• _Working data_
□ □ □

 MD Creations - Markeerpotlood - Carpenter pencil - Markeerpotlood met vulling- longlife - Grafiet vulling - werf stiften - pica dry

□ □ □

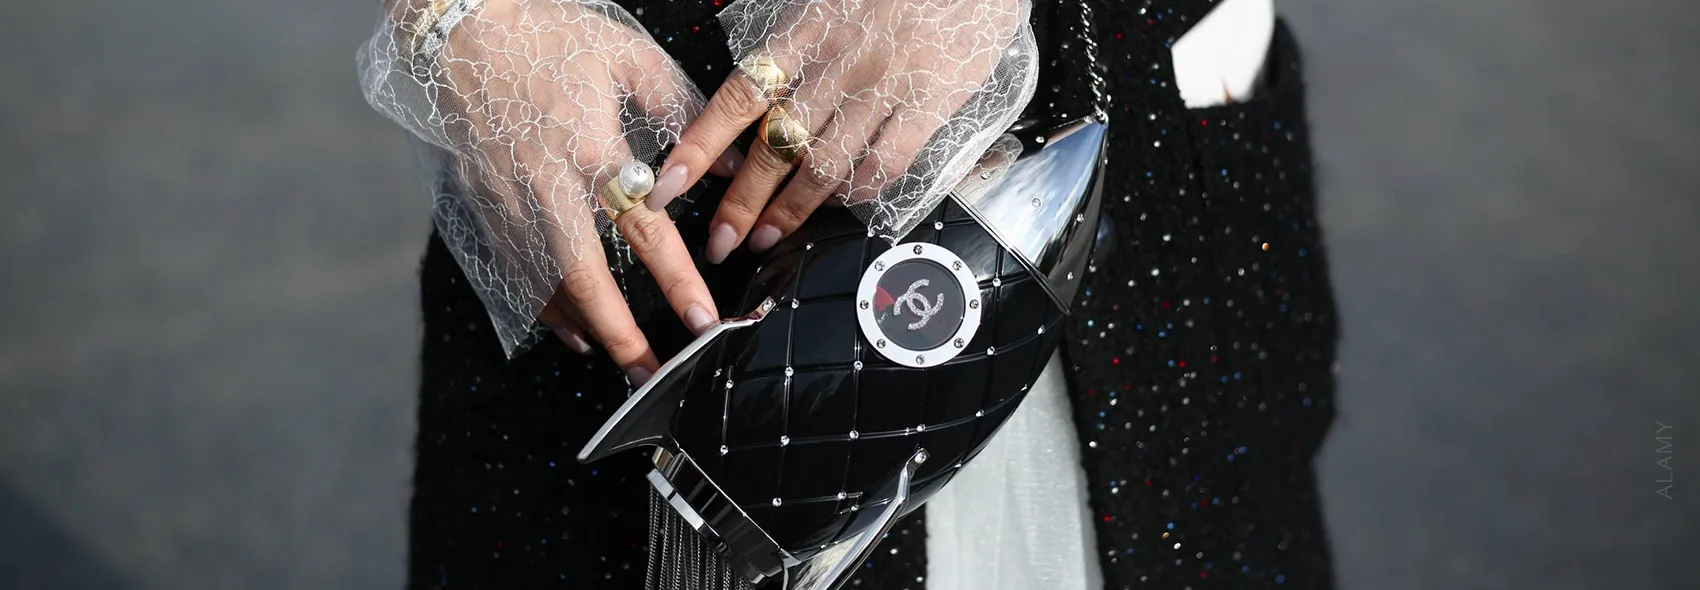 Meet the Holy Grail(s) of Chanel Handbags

□ □ □

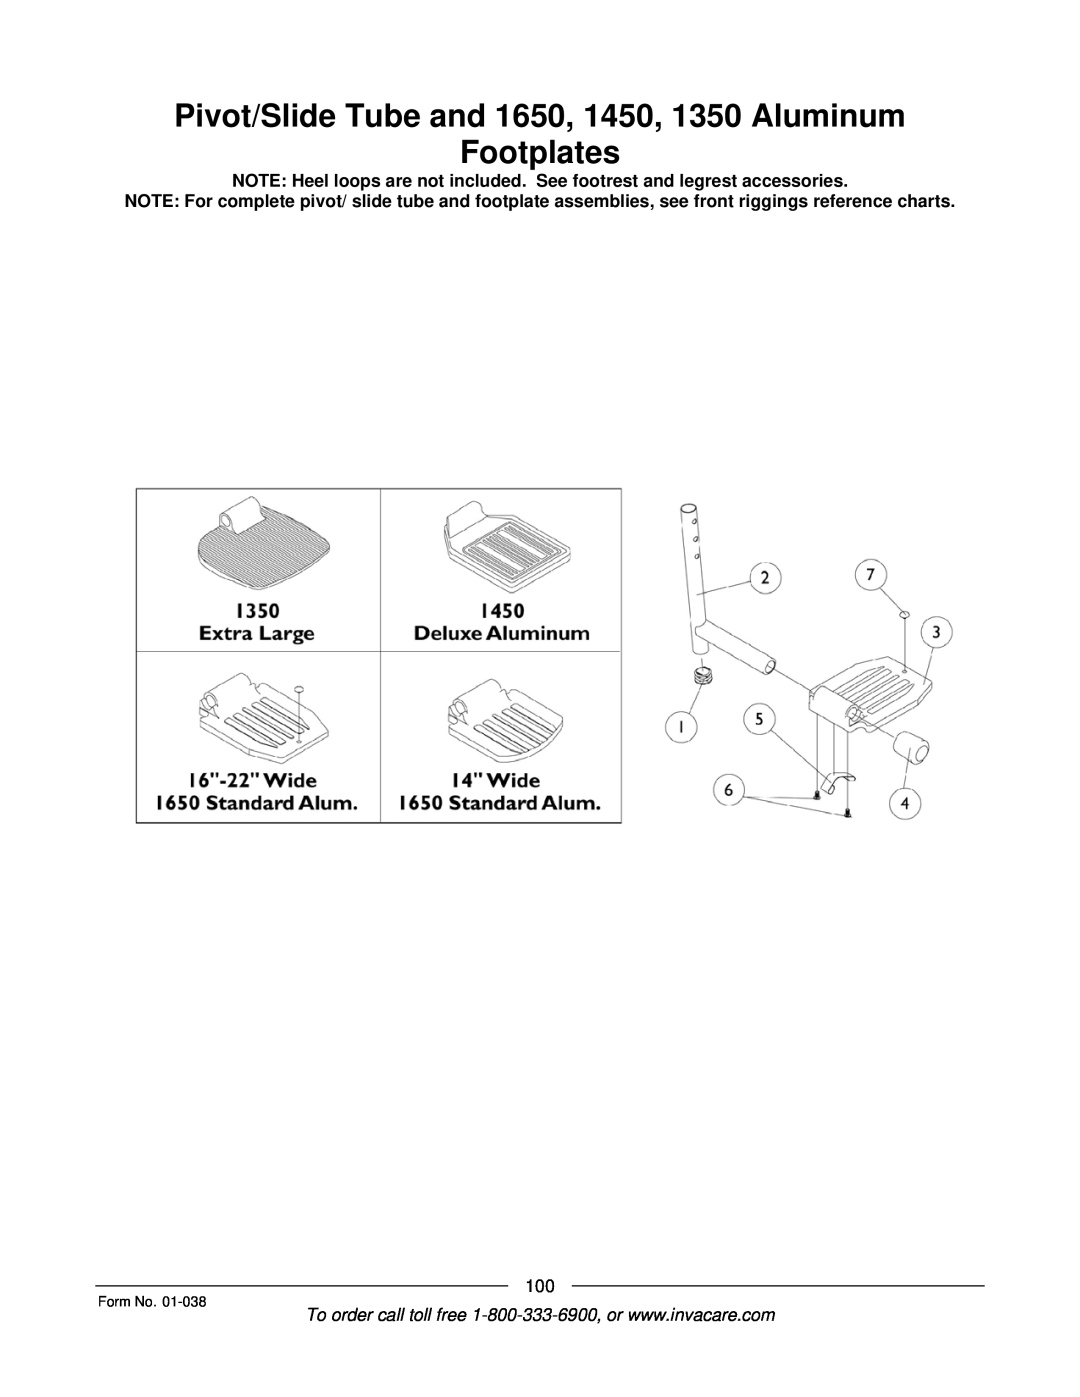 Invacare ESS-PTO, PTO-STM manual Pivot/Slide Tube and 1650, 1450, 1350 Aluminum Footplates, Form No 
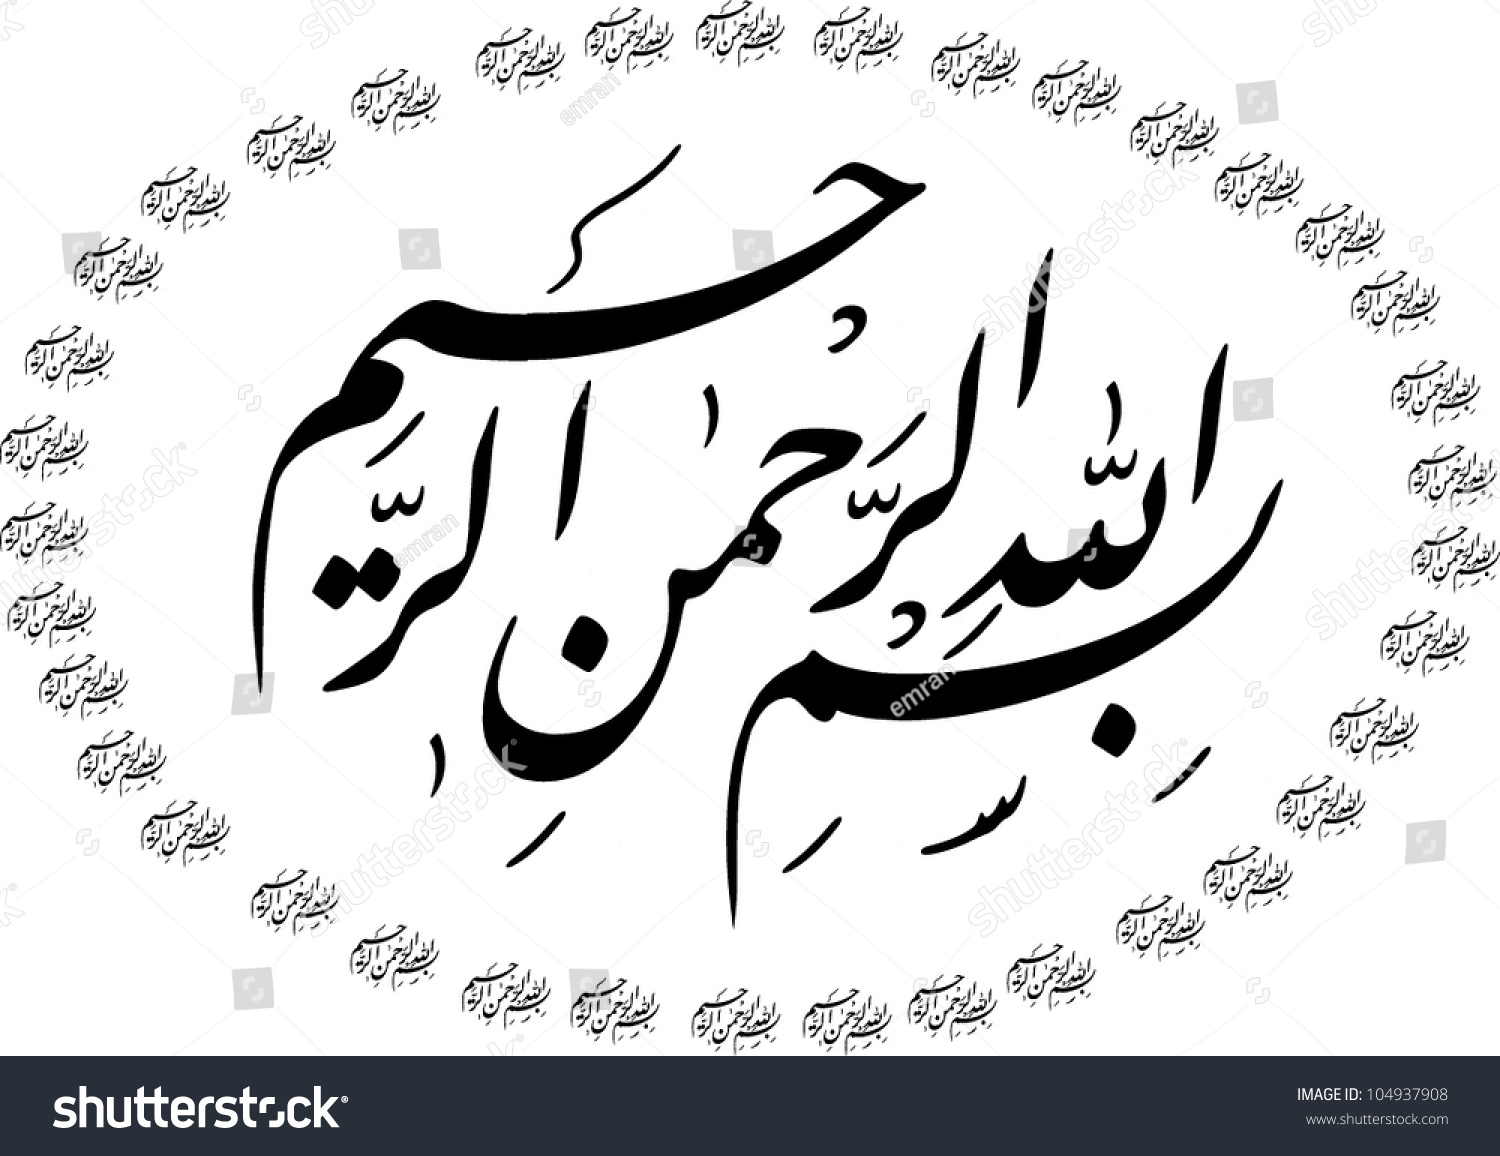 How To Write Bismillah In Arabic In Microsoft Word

□ □ □

Reproduce the records above exactly, but only from the line with "Invacare ESS-PTO, PTO-STM" up to and including the line with "How To Write". Leave the pictures out.

• _Answer section_
 Invacare ESS-PTO, PTO-STM manual Pivot/Slide Tube and 1650, 1450, 1350 Aluminum Footplates, Form No 
 How To Write Bismillah In Arabic In Microsoft Word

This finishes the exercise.